Paru dans la Tribune Libre #12
avril 2007
La campagne électorale donne lieu à toutes sortes de débats, de niveau très inégal. Selon les options de chacun, il y a « à boire et à manger » mais de temps en temps quelques éclairs viennent éclairer les échanges et les tirer vers le haut.
De temps en temps, ça tire aussi vers le bas et parfois vers le n’importe quoi. L’exemple le plus flagrant est celui des machines à voter. À partir de ce qui n’est rien d’autre qu’une grosse calculette, une polémique étonnante s’est développée.
La démocratie serait en danger parce qu’on utiliserait une machine pour décompter les votes. Des complots s’ourdiraient dans les arrières-salles des écoles communales pour trafiquer les résultats. Un parfum sulfureux envahirait les couloirs des mairies et les élus et leurs services seraient soudain soumis aux pires tentations.
Bizarre… Pourquoi un Pays qui utilise des cartes à puce depuis longtemps, qui compte le plus fort pourcentage d’abonnés internet en Europe aurait-il peur d’une simple machine à calculer ? Pourquoi la démocratie serait-elle faussée parce qu’on appuie sur un bouton au lieu de glisser un bulletin papier dans une urne ? De qui dépend la validité d’un scrutin : de l’organisateur ou de la technique d’organisation ?
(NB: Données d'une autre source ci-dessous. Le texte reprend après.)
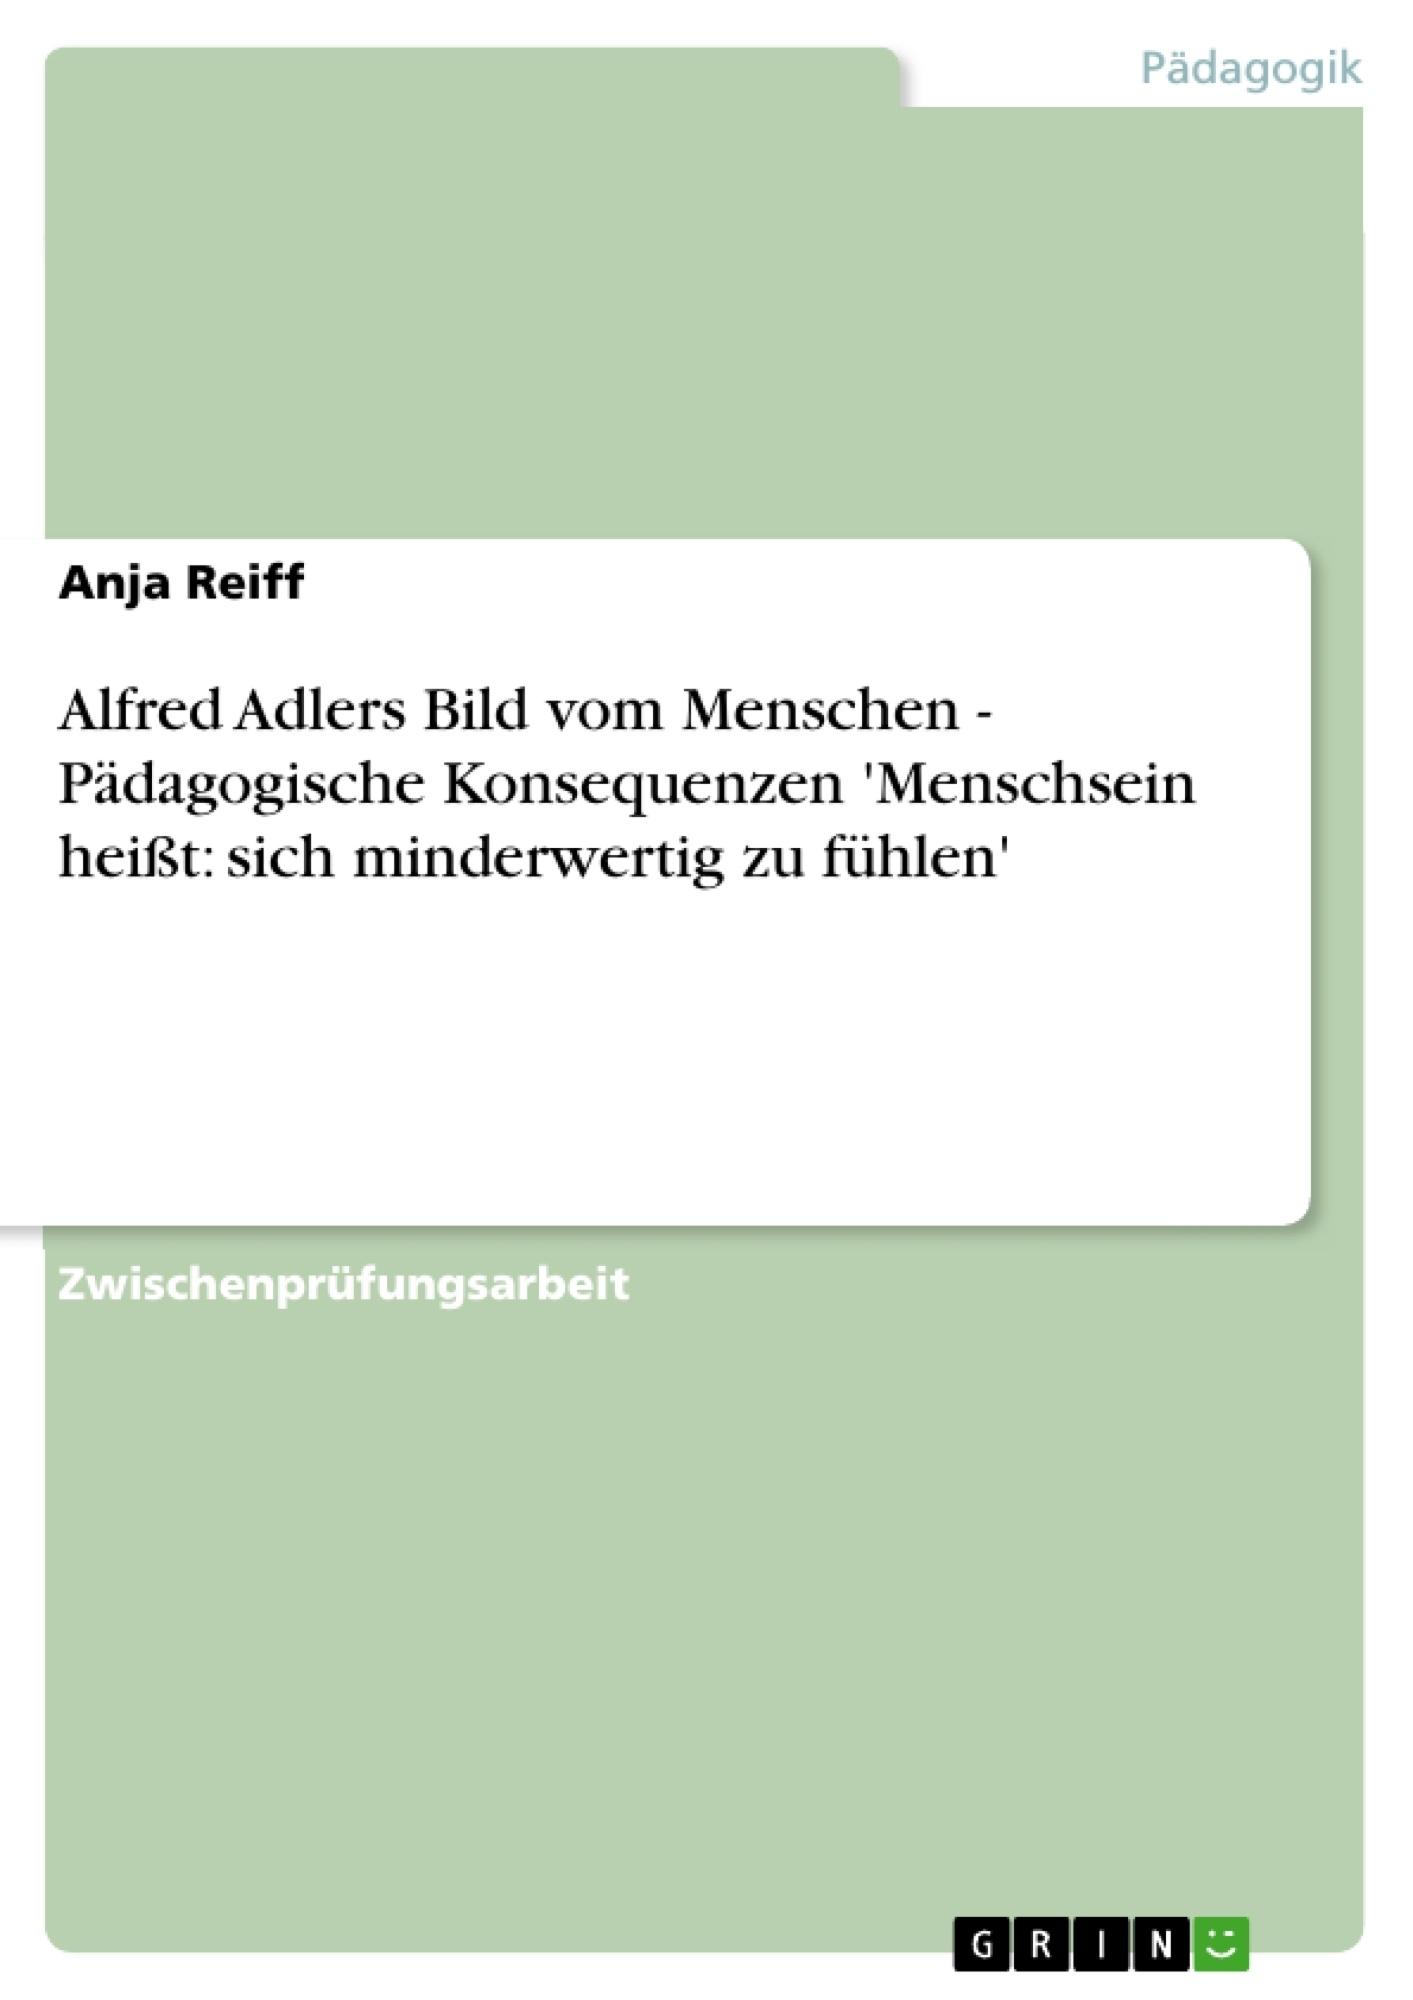 Titel: Alfred Adlers Bild vom Menschen - Pädagogische Konsequenzen 'Menschsein heißt: sich minderwertig zu fühlen'

Bien sur, il y a derrière tout cela la grande peur informatique, celle du contrôle généralisé, de l’interconnection des fichiers… mais alors pourquoi ne pas s’intéresser à ces questions-là plutôt que de reporter le débat sur des machines qui ne sont pas connectées entre elles ? On peut discuter s’il y a réseau (c’est là que se situe vraiment le problème) mais s’il s’agit de machines isolées, pourquoi s’énerver ?
Et pourtant on a vu les plus beaux esprits, et pas les plus anciens, de l’Université (territoire vierge dans lequel le bourrage d’urnes n’a jamais existé…), se draper soudain dans la toge de la vertu républicaine et démocratique pour dénoncer le scandale du siècle.
Passons sur le fait que les fameuses machines sont déjà installées dans certaines communes depuis longtemps et que le sacro-saint isoloir n’est pas la règle partout (en Espagne notamment). Un grand combat contre la machine doit s’engager et nous allons expliquer à nos enfants qu’il faut de nouveau compter sur ses doigts et ranger l’ordinateur.
Détail intéressant : parmi la vingtaine de communes respectives dans lesquelles Nicolas Sarkozy et Ségolène Royal ont enregistré leurs meilleurs scores (de 70 à 100 %), une bonne partie se situe… en Corse.
Surement un méfait des machines à voter !!!